Putin’s most charismatic critic urged mass rallies after surviving a near-fatal poisoning with a Novichok nerve agent and returning to Moscow last weekend following months of treatment in Germany. He was arrested at Sheremetyevo Airport and jailed.

Saturday’s rallies are expected to be a major test of the opposition’s ability to mobilise despite the increasing Kremlin pressure on critics and the coronavirus pandemic.

Ahead of the demonstrations, Navalny’s team released an investigation into an opulent Black Sea property allegedly owned by Putin. Since its release it has been viewed more than 65 million times.
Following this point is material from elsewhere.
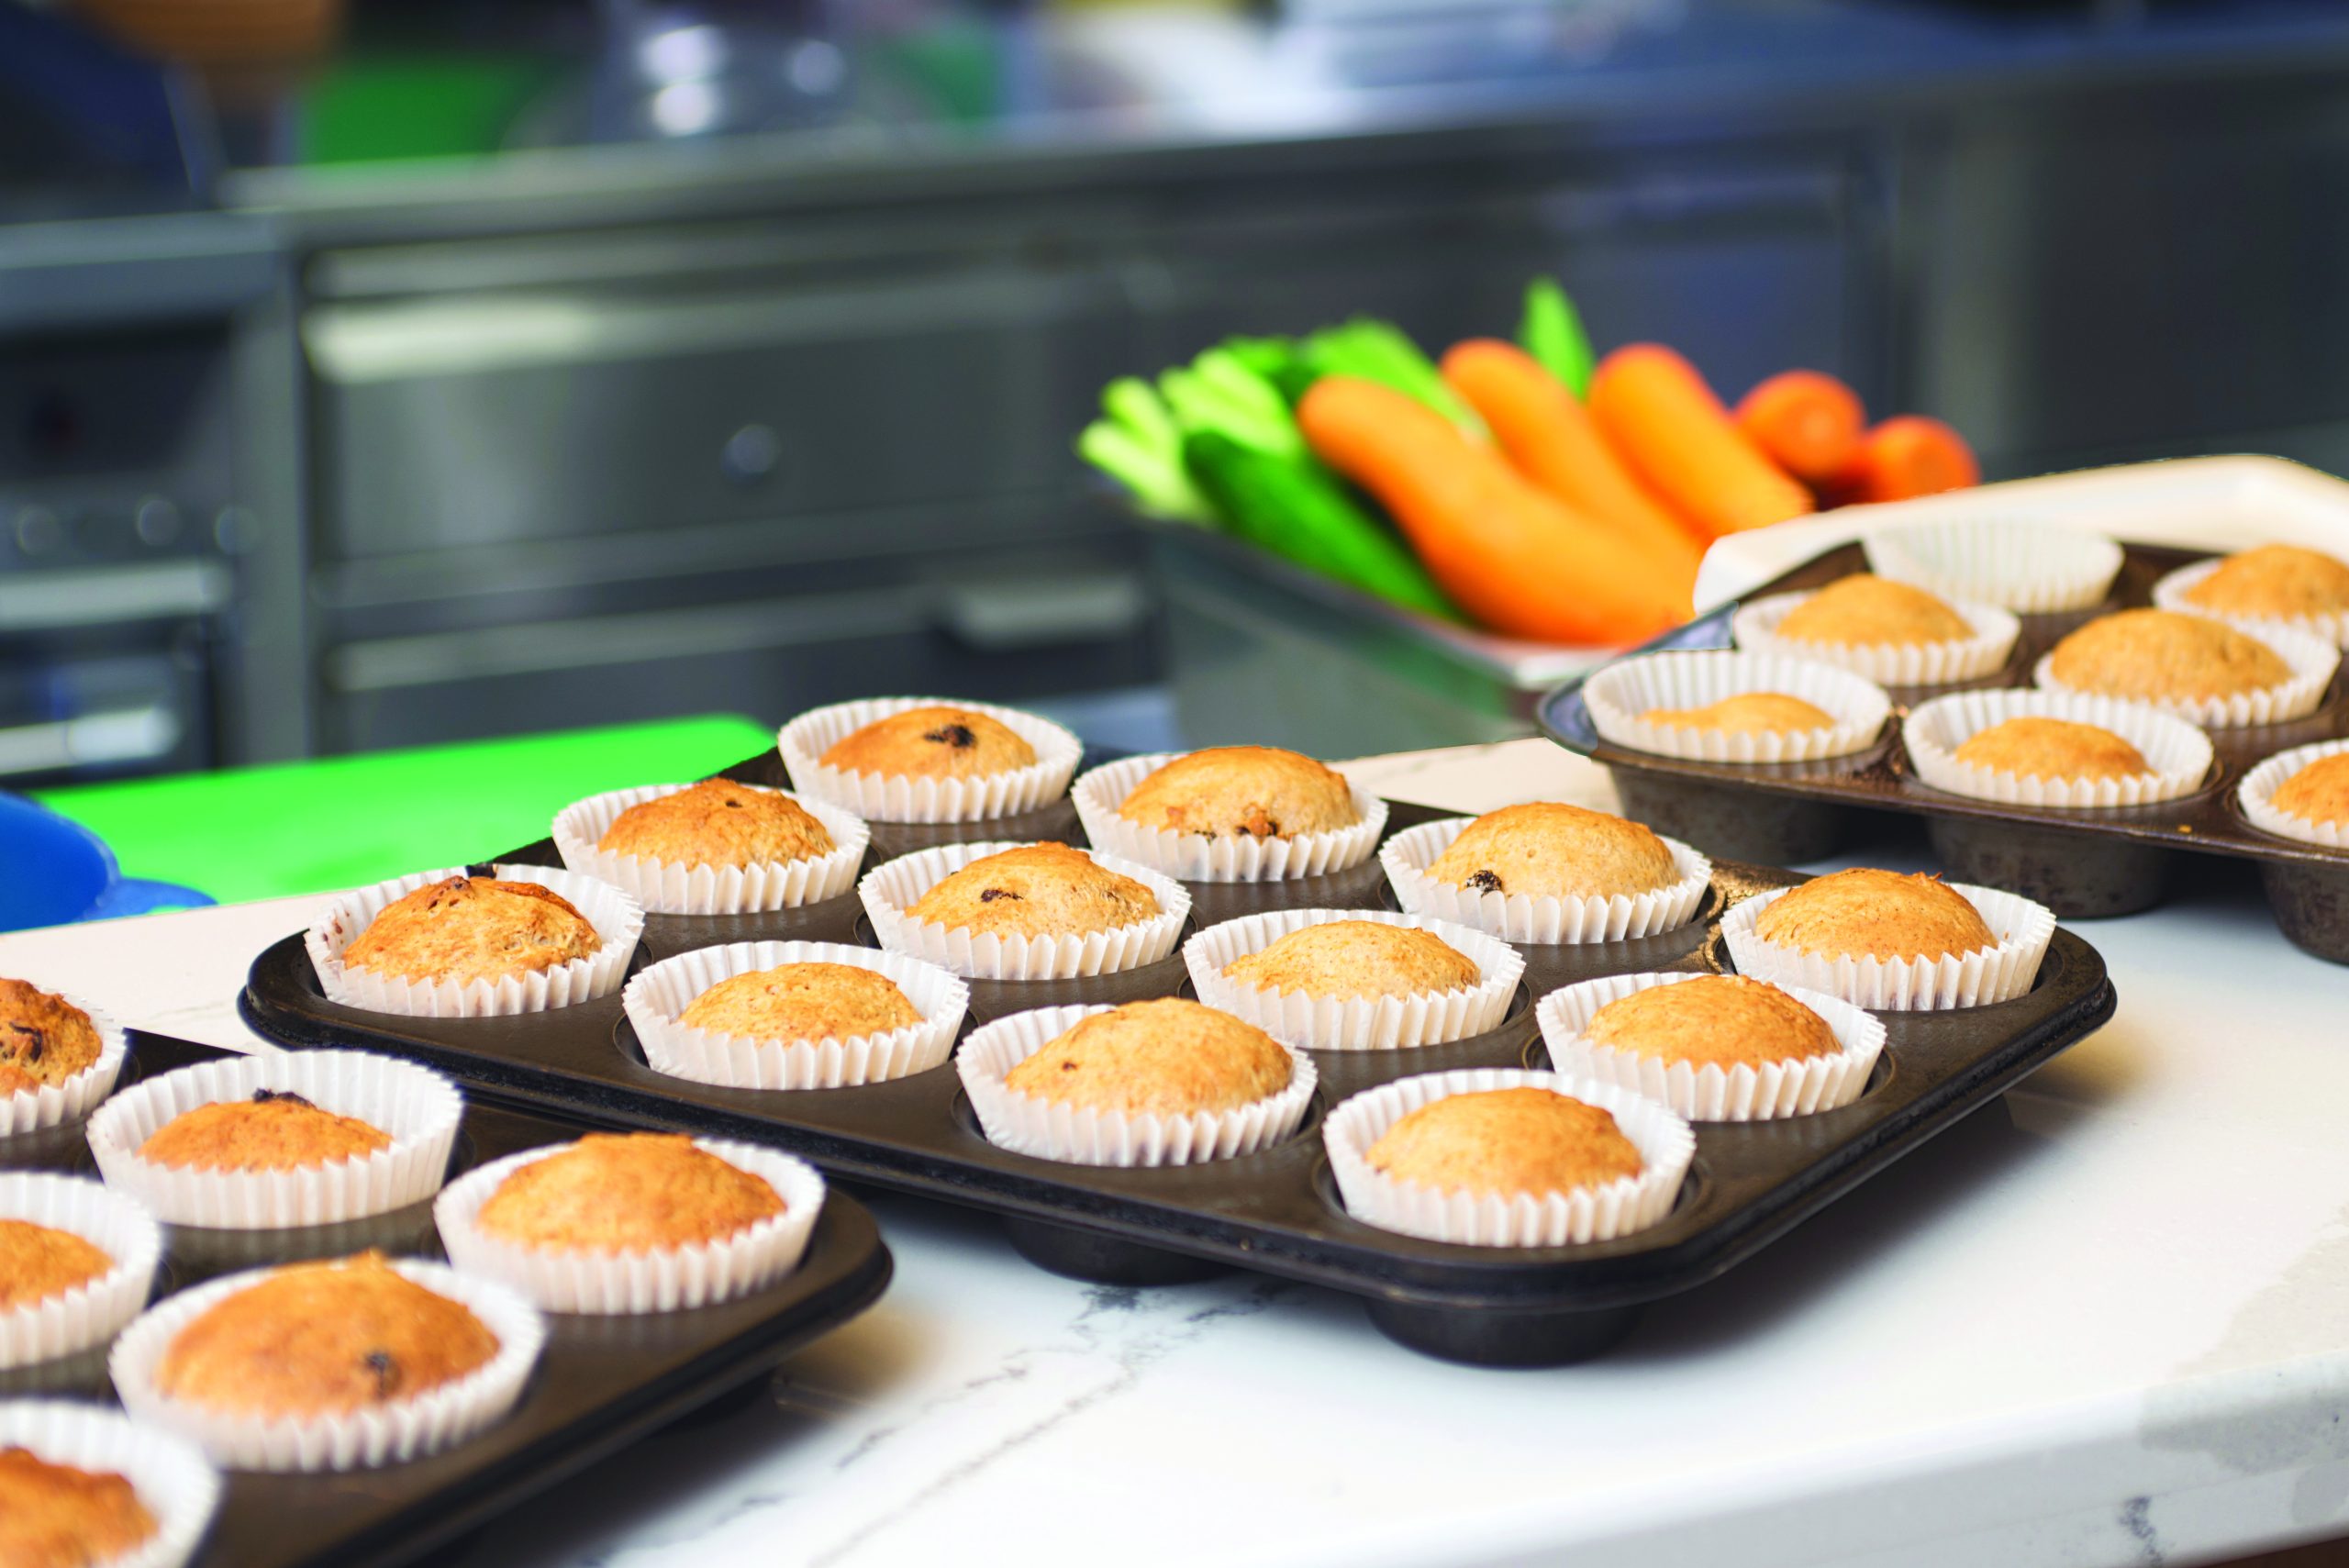 Fresh baked muffins in trays in Munro Centre kitchen.

In the Pacific port of Vladivostok, demonstrators gathered in the city centre, chanting “Putin is a thief” and “Freedom to Navalny!” Police in full riot gear were seen running after protesters and beating them with batons, showed AFP footage.

Protests also took place in other cities in the Far East and Siberia including Khabarovsk, Novosibirsk and Chita where several thousand took to the streets, Navalny supporters said.

In Yakutsk south of the Arctic Circle, protesters bundled up against the cold rallied in the temperature of minus 50 degrees Celsius.

OVD Info, which monitors detentions at opposition rallies, said police roughly broke up rallies and nearly 200 people were detained in around 20 cities.

In Moscow, which usually mobilises the largest rallies, protesters plan to meet in the central Pushkin Square at 2:00 pm (1100 GMT) and march towards the Kremlin.

Hours ahead of the Moscow protest, workers began re-laying paving slabs at the site of the rally, Navalny team said.

Moscow police vowed a tough crackdown, with police saying unsanctioned public events would be “immediately suppressed”.